[lit-ideas] Re: Moral Imagination

  • From: Donal McEvoy <donalmcevoyuk@xxxxxxxxxxx>
  • To: "lit-ideas@xxxxxxxxxxxxx" <lit-ideas@xxxxxxxxxxxxx>
  • Date: Sun, 9 Oct 2011 09:49:40 +0100 (BST)




________________________________
From: Robert Paul <rpaul@xxxxxxxx>
To: lit-ideas@xxxxxxxxxxxxx
Sent: Sunday, 9 October 2011, 4:21
Subject: [lit-ideas] Re: Moral Imagination


>The clear cut, the obvious,
    cases are those that make morality intelligible, and they are,
    moreover, those against which moral theories are measured:>

These are two excellent points, though I might qualify the first by saying only 
that the clear cut is what makes morality _most_ intelligible; and we might 
imagine a whole series of very finely grained choices to seem less a matter of 
ethics than of, say, aesthetics or 'taste'. These clear-cut cases are our moral 
bulwark (as it were) and so constitute the best tests of moral claims (which 
may be rejected if they fail these tests).

I am unsure what is being denied in saying one doesn't believe in a moral 
continuum: I confess I am quite a believer in 'continuum' thinking and that 
most points can be, and even ought to be, located on some kind of spectrum (or 
even spectra) in order to put them in perspective: while I do not believe my 
dropping litter is an inevitable slippery slope to my manning the gas chambers, 
I do think we can construct a (long) continuum between one and the other. 
Admittedly, this might appear wrong by appearing to put littering on the same 
level as genocide, but it does not do that: the point of such a continuum (if 
there is much of a point) is not that everything is on the same level but that 
what is next to its neighbour is often not that far apart. Continuum thinking 
has its abuses (the 'slippery slope' fallacy being one) but it also has its 
uses (some day I may publish how these may be arranged in a continuum).
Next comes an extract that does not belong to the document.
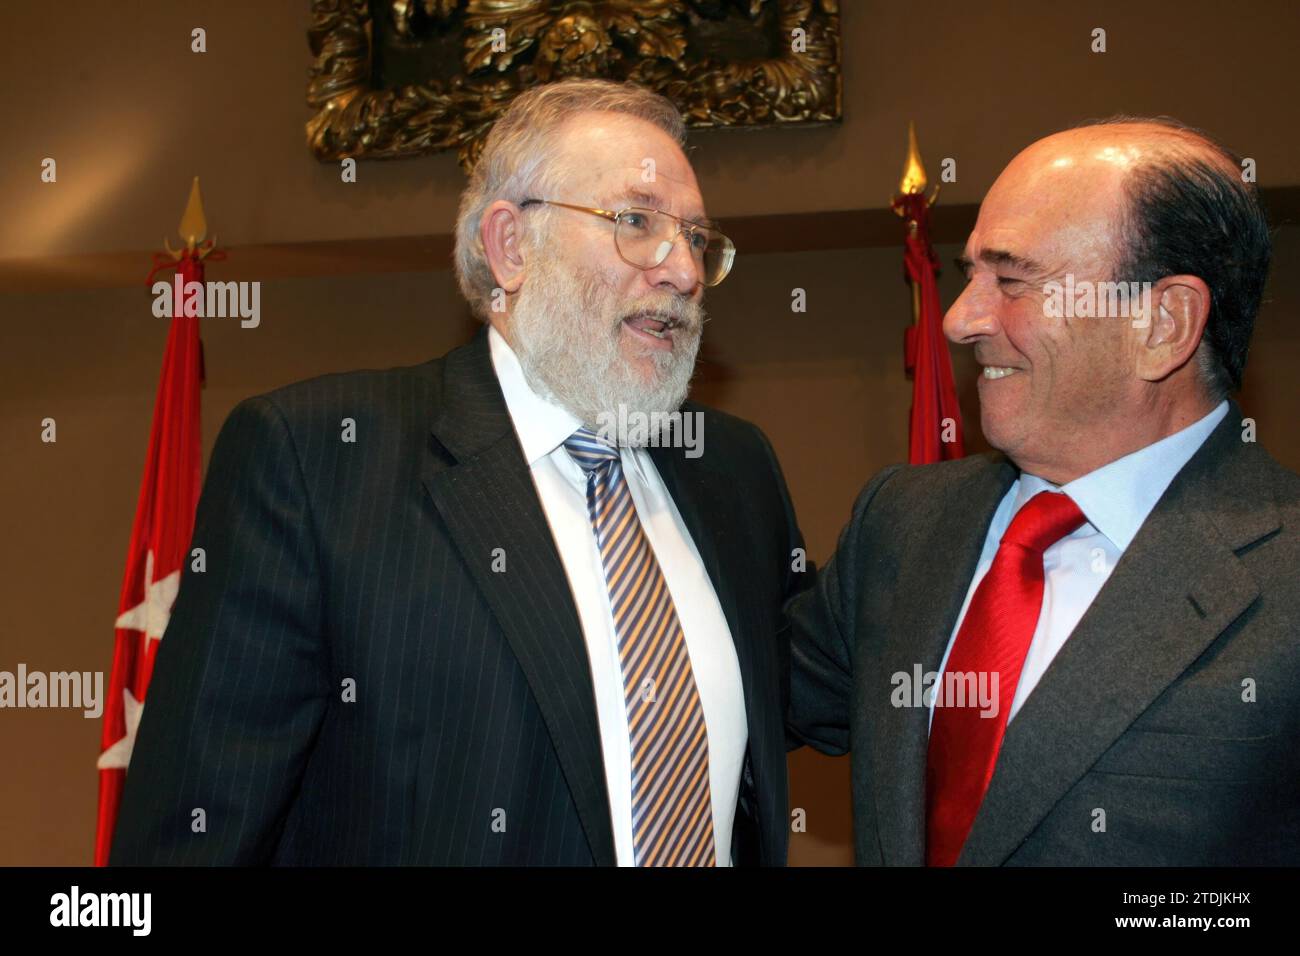 01/18/2005. Madrid. 01-19-05. The rector of the Complutense University, Carlos Berzosa, and the president of the Santander group, Emilio Botin, have signed today an agreement that expands collaboration in teaching matters between both institutions. Photo Javier Prieto. Archdc. Credit: Album / Archivo ABC / Javier Prieto Stock Photo

>Donal: JLS's deprecatory remarks on the use of "imagination" are also 
>questionable: for philosophers like Popper "imagination" is a most important 
>requirement for understanding, in part because what is understood is not a 
>"given" but a construction, and a theoretical one at that. Without 
>"imagination", for example, how I can ever know that genocide is wrong by 
>imagining what it is like to be a victim of it?>

Robert than comments:
>If this were really true, then I could not honestly say that I know
    genocide to be wrong. It is as useless as a parent's saying to a
    child, 'How would you like it if Sally pulled your hair?' The child has not 
been taught any sort of 'moral lesson in this drama. No more does my shuddering 
at descriptions and depictions of life in Auschwitz make that an important part 
of my knowing that to subject human beings to such a life is wrong, was wrong, 
and will be wrong, no matter what the casuist may try to say.>

This is somewhat unclear (at least to me), though I guess Robert to be saying 
that if it depended on 'imagination' to know that genocide was wrong (say by 
imagining what it was like to be a victim) then we could not honestly say that 
we know genocide to be wrong on this basis. Is this true?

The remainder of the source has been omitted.